Exercise prompt ->
Exclude the pictures, then repeat the remaining data exactly.

Available data ->
.....

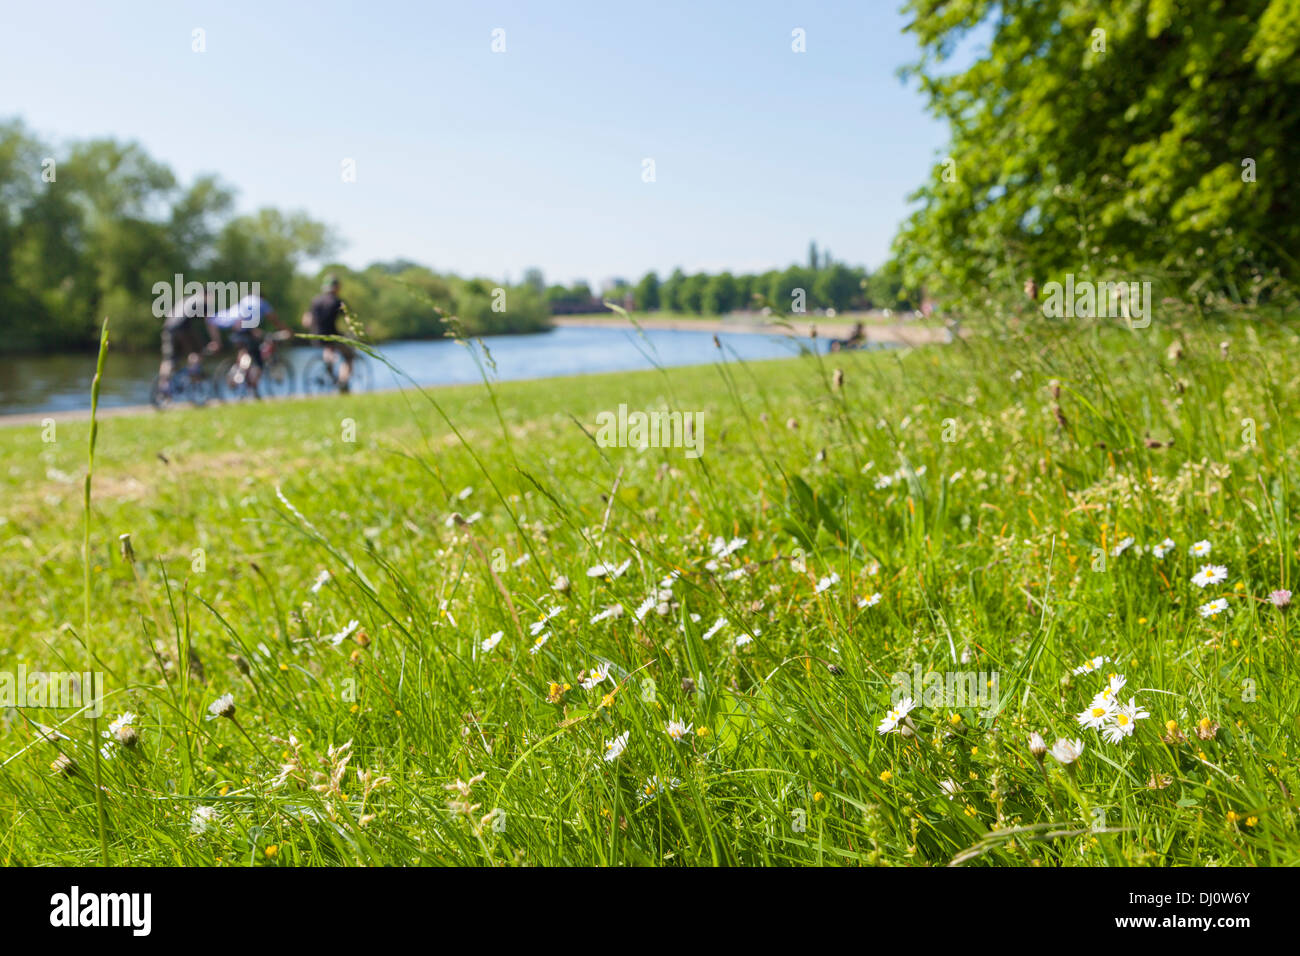 Gänseblümchen und Gras mit einem unscharf Hintergrund von Menschen und Bäume am Ufer des Flusses Trent auf einem englischen Sommer Tag. Nottingham, England, Großbritannien Stockfoto
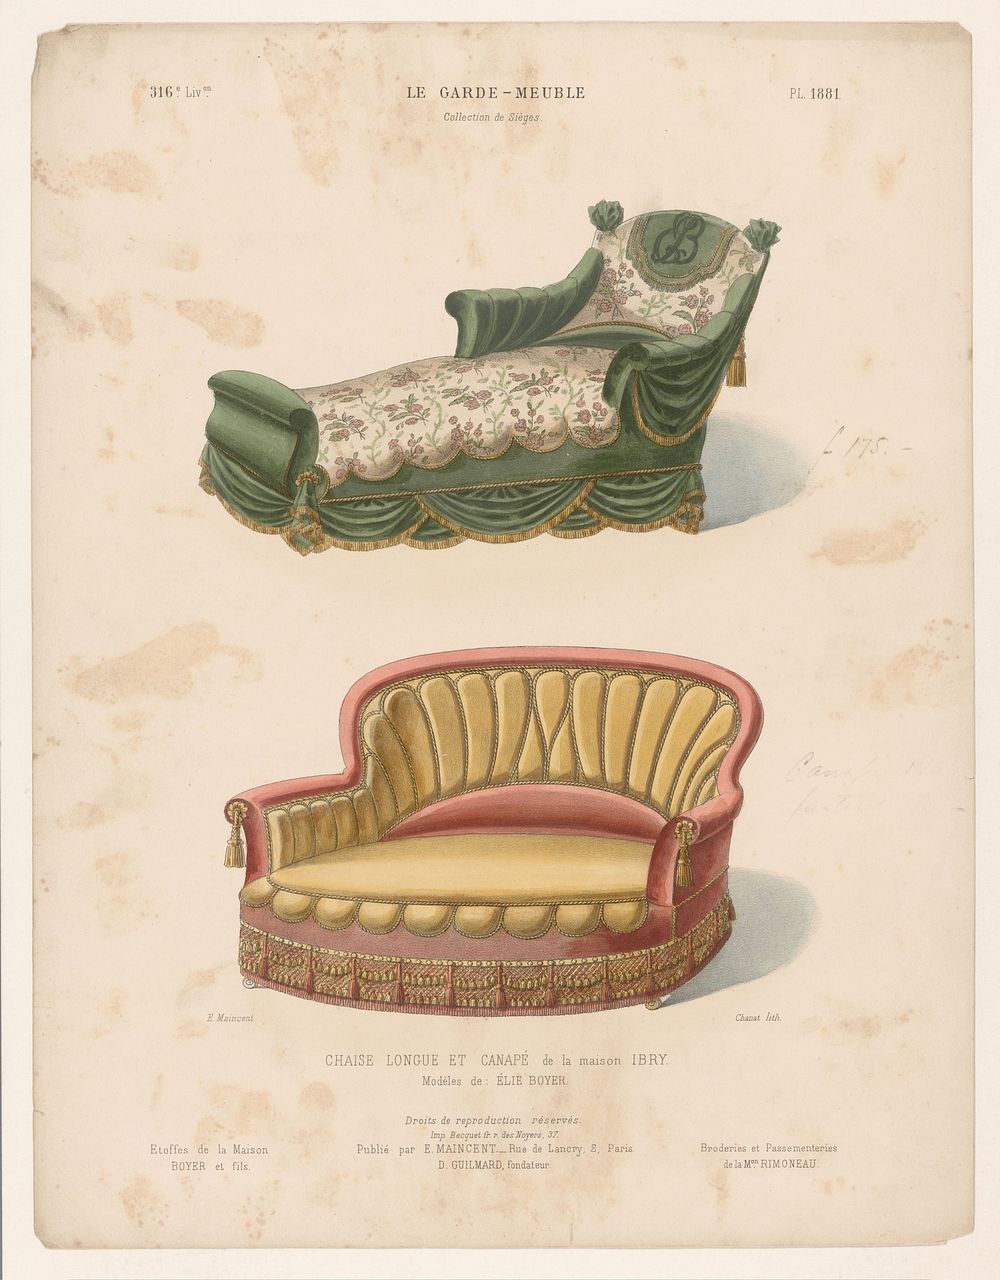 Chaise longue en canapé (1885 - 1895) by Chanat, Becquet frères, Eugène Maincent and Désiré Guilmard
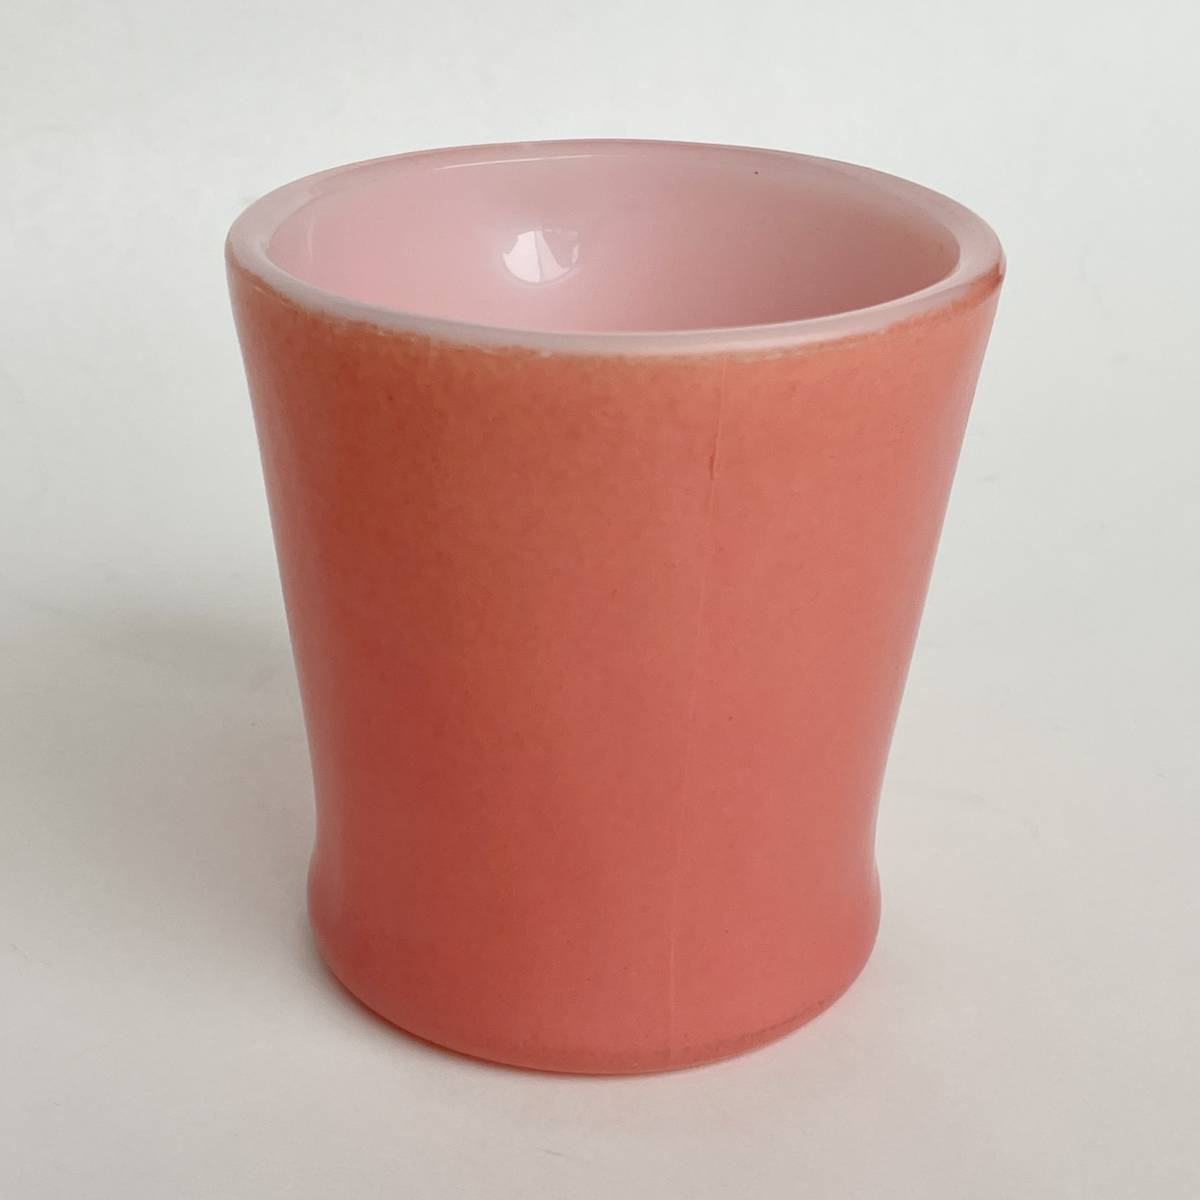 FIRE KING ファイヤーキング 濃いピンク 桜色 マグカップ Dハンドル ヴィンテージ 耐熱 ミルクグラス アメリカ製_画像2

.....

Answer box ->
 Gänseblümchen und Gras mit einem unscharf Hintergrund von Menschen und Bäume am Ufer des Flusses Trent auf einem englischen Sommer Tag. Nottingham, England, Großbritannien Stockfoto
 Chaise longue en canapé (1885 - 1895) by Chanat, Becquet frères, Eugène Maincent and Désiré Guilmard
 FIRE KING ファイヤーキング 濃いピンク 桜色 マグカップ Dハンドル ヴィンテージ 耐熱 ミルクグラス アメリカ製_画像2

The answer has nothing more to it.